More wild laughter. Keep walking, he told himself. They wouldn’t do anything with all these town folks out. Doyle had been stopped just out of the business district, and most of the strolling townspeople seemed to have found other placed to be, but he still saw the occasional car on the street out front and hand-holding couples quickly squeezing past the crowd on the sidewalk. It was too busy out here for him to be in any real danger.

Besides, The Sundown was just a couple more blocks to the east. Not far at all in a car. Course, he was on foot. And currently surrounded by eight or ten townies who didn’t look like they were there to safeguard his way back.
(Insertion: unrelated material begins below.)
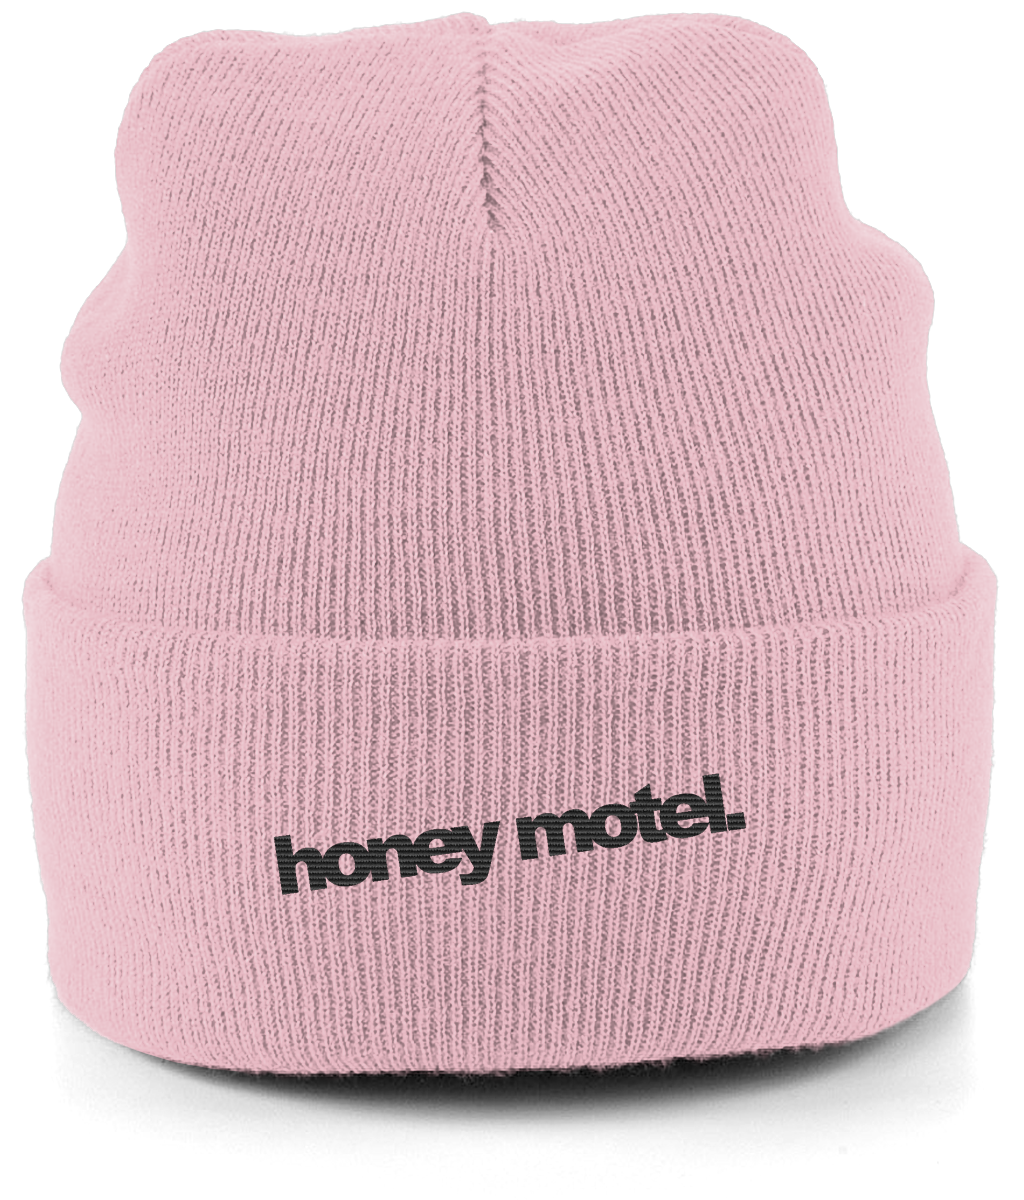 embroidered logo beanie - pink.
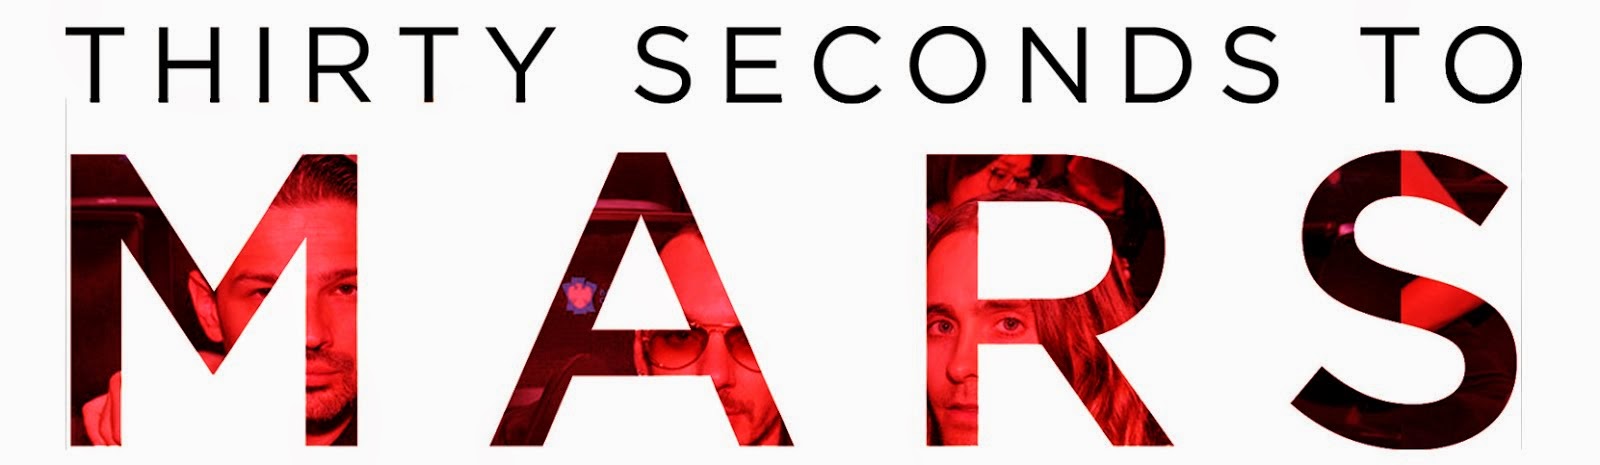 THIRTY SECONDS TO MARS BR

Purcell broke from the circle and sat at the outdoor table the two elderly couples had hurriedly vacated. He made a quick hand motion and someone from the back of the cluster dropped something heavy onto the tabletop. He grunted at the effort and the glass-topped table shuddered.

Doyle swallowed to wet the cement that had formed in his throat. “Okay, a suitcase,” he said, trying to keep it light.